*DATA BELOW*:
□ □ □ □ □

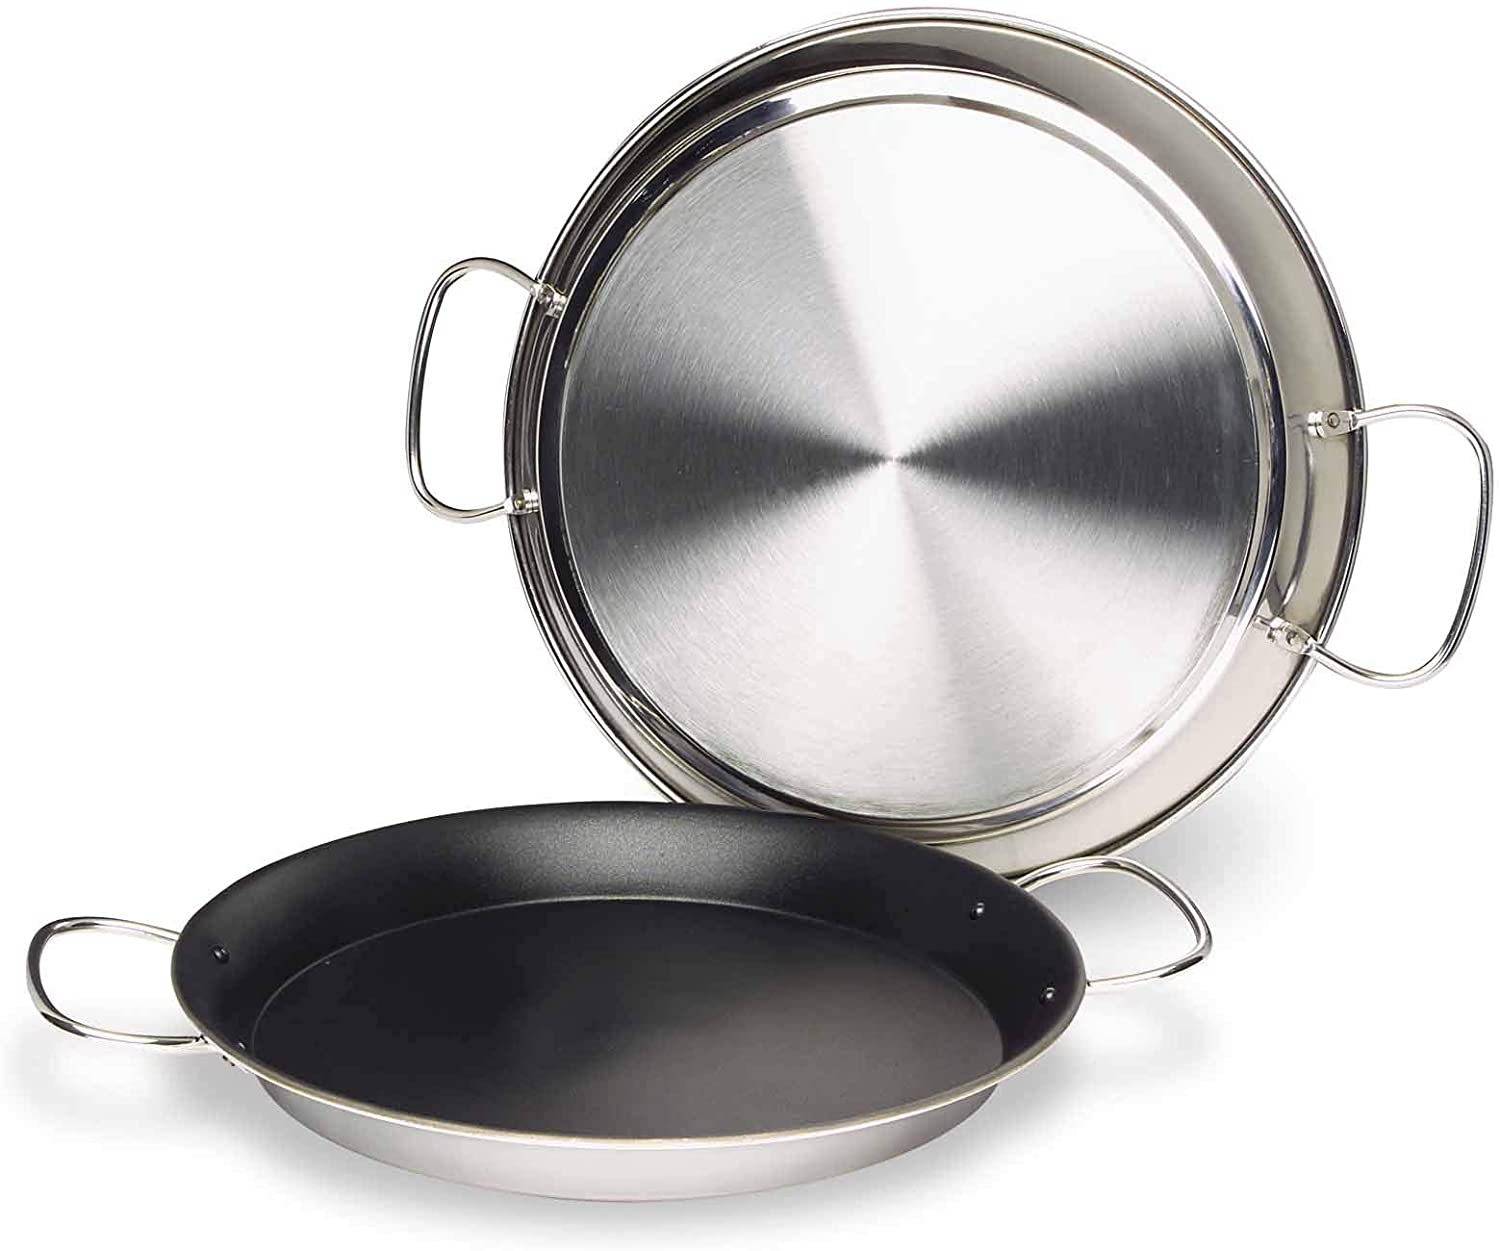 LACOR Stainless Steel Non-Stick Round Dish for Paella
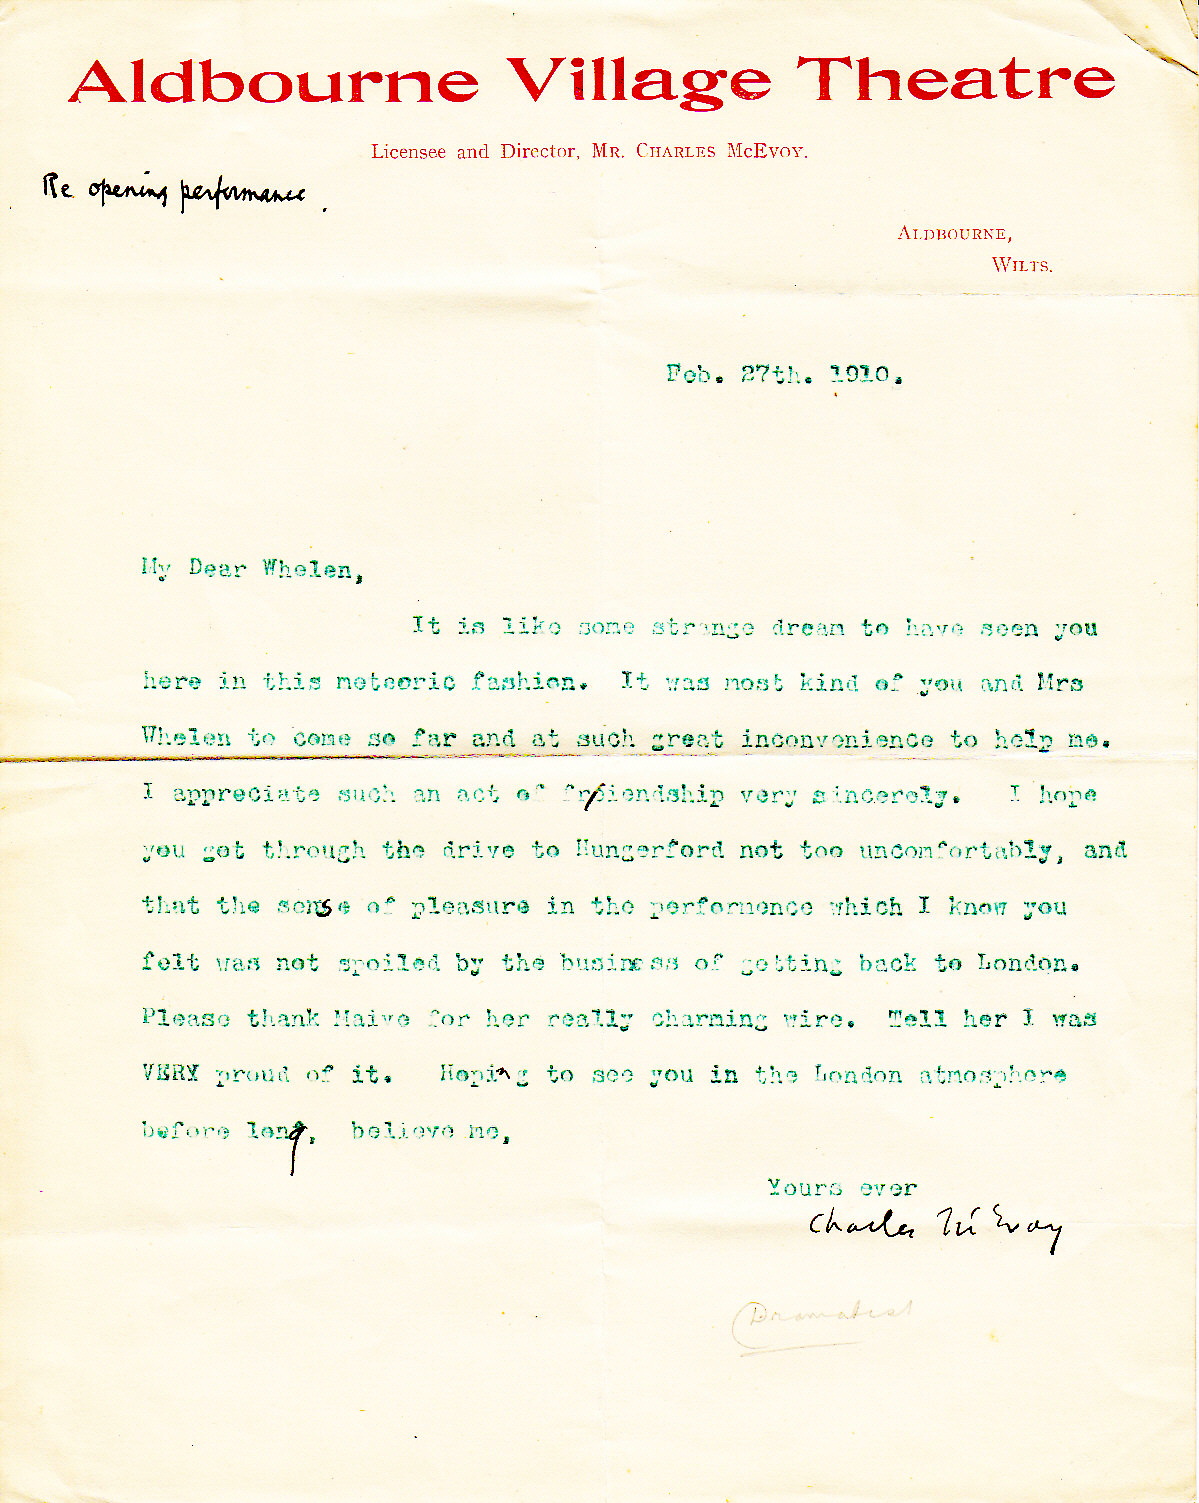 Recent Acquisition: Letters of Charles McEvoy
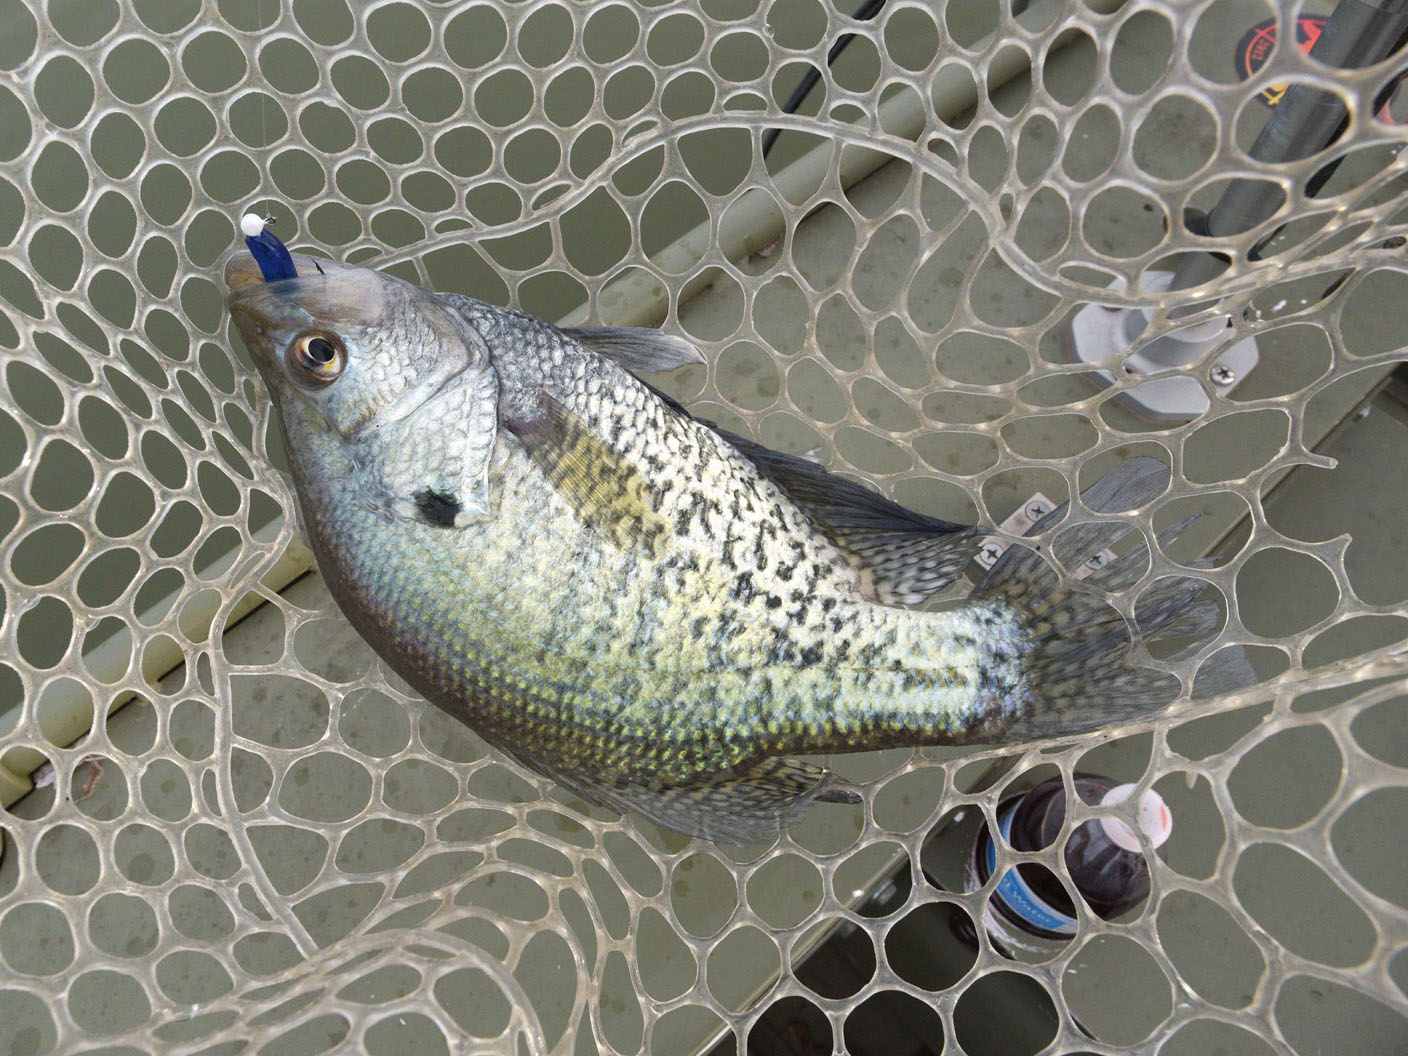 https://wehco.media.clients.ellingtoncms.com/imports/adg/photos/204093240_NW-OUT-CRAPPIE-4-18-002_ORIG.jpg

□ □ □ □ □

*TASK DESCRIPTION*: Please output all of the data exactly as given, omitting any images it holds.

*OUTPUT OF THE EXERCISE*:
 LACOR Stainless Steel Non-Stick Round Dish for Paella
 Recent Acquisition: Letters of Charles McEvoy
 https://wehco.media.clients.ellingtoncms.com/imports/adg/photos/204093240_NW-OUT-CRAPPIE-4-18-002_ORIG.jpg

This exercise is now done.